A few months later, I played Life is Strange: True Colors – a game that stirred something similar in me. It wasn’t quite the arresting, love-at-first-sight encounter I had with My Lesbian Experience, though maybe I’m looking back on that through rose-coloured glasses for your reading pleasure. This one crept up on me instead.
As deep as my love for the Life is Strange series goes – since I played the first game at 17 and realised that video games could, indeed, have gay people in them – never in a million years did I think I’d be comparing True Colors to my favourite manga. And yet, a few hours into the Wavelengths DLC, I suddenly felt like Steph Gingrich was looking directly at me from a TV screen, just as Kabi had looked from across the comic book store.
Wavelengths could reasonably be named ‘Steph’s lesbian experience with loneliness’. Not because these texts are similar in any formal, visual, stylistic or narrative ways, but because there’s a similar, recognisable emotional core to them. Kabi and Steph are both failing at lesbianism, right along with me.

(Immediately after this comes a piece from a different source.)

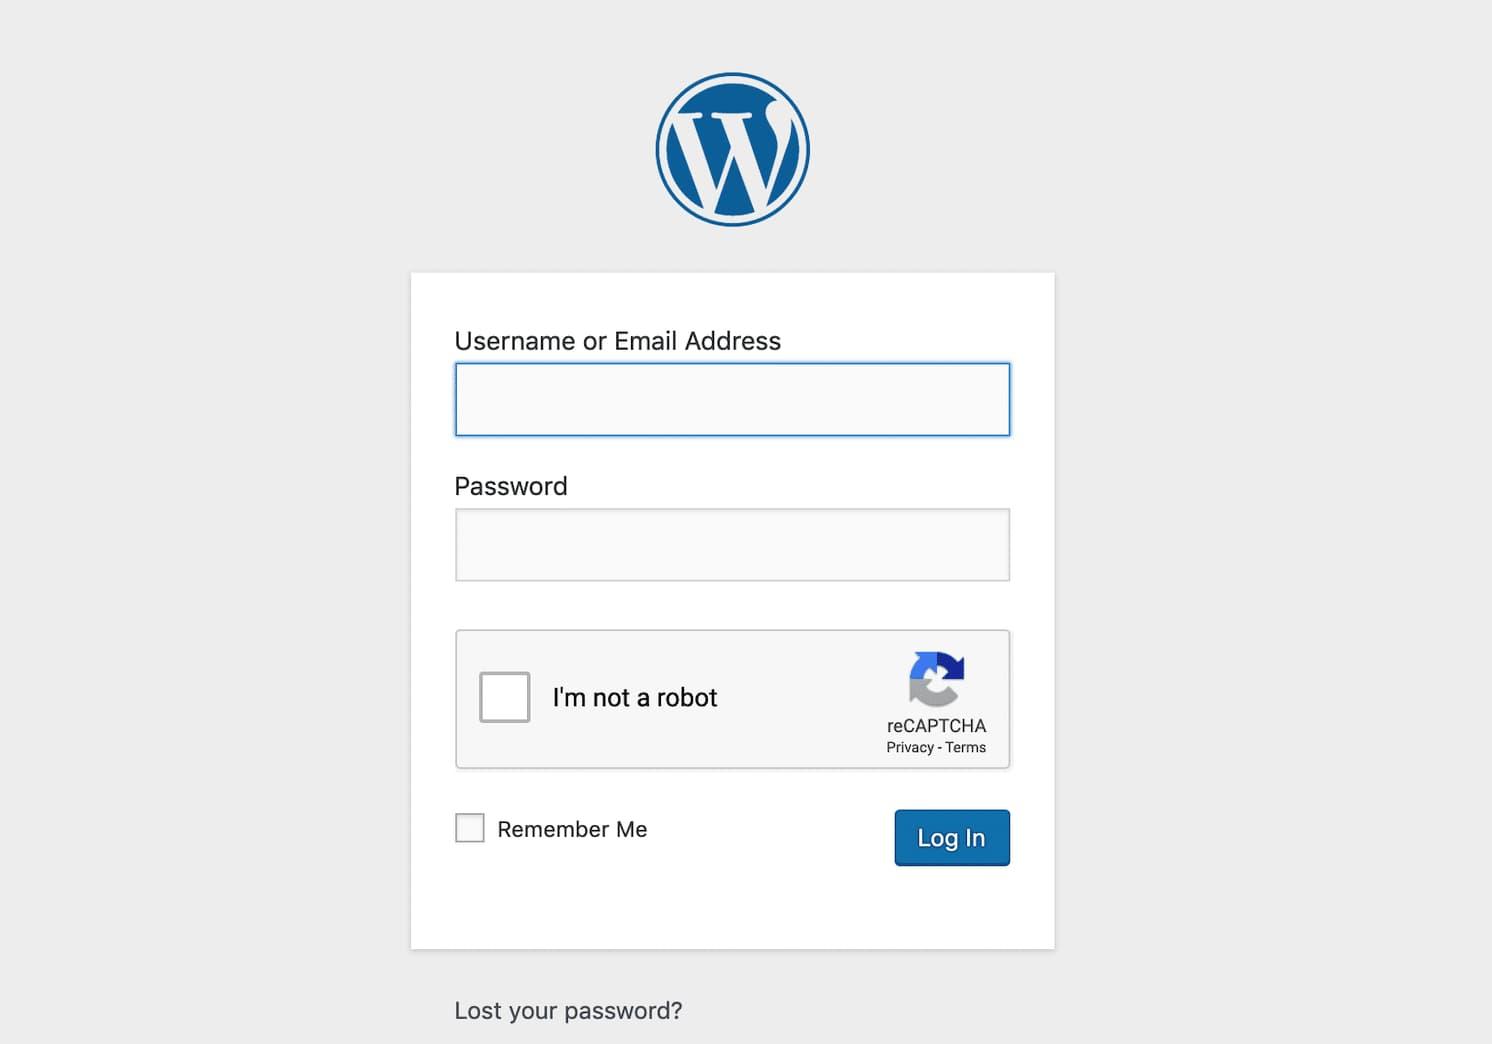 Casilla de verificación de Google reCAPTCHA en la página de inicio de sesión de WordPress

Well, there is some need for pause here. Wavelengths ends – and True Colors starts – with the meeting of Steph and Alex. Whether Alex decides to pursue a relationship with her or not, Steph is evidently attracted to her. Is this the true consummation of Steph’s lesbianism? Was this story of loneliness just about the light at the end of the tunnel – about how loneliness comes to an end?
Maybe, or maybe not. I think Steph and Alex have an intimacy that should be cherished whether it’s a friendship or a romance. But here, right now, and maybe always, I am more interested in all the Stephs that leave Haven Springs alone. I’m interested in Steph the Fool, Steph the Hanged Woman, Steph the wandering weirdo. I’m interested in Steph the serial ghoster, Steph the D20-wielding fortune-telling agony aunt, and Steph the flakey lesbian punk nerd.
Steph and Kabi are both so afraid to be vulnerable. They are so alone and so uncertain. But they don’t need to be saved. There’s something undoubtedly powerful about the scene in Wavelengths where Steph finally stops avoiding Mikey, her best friend, the guy that knows her more than anyone else, and lets her sins spill forth. There’s something so radically vulnerable about the fact that Kabi shared with the world every thought, every experience of herself, her gender, and her sexuality that she thought she should be ashamed of.
Both texts offer a moving and tender exploration of lesbian characters in their isolation – not pining after anyone, as familiar as that gay experience is, but simply feeling alone. At the end of the day, every part of you exists all at once – you are a living, breathing creature in perpetual flux and motion, forever too fleshy and too complicated to be reduced to any one thing. Steph and Kabi’s lesbian experiences with loneliness make me feel like maybe there’s more to being a lesbian – and more to me – than sex and romance. When it comes down to it, maybe being a lesbian is just about being an entire, messy person.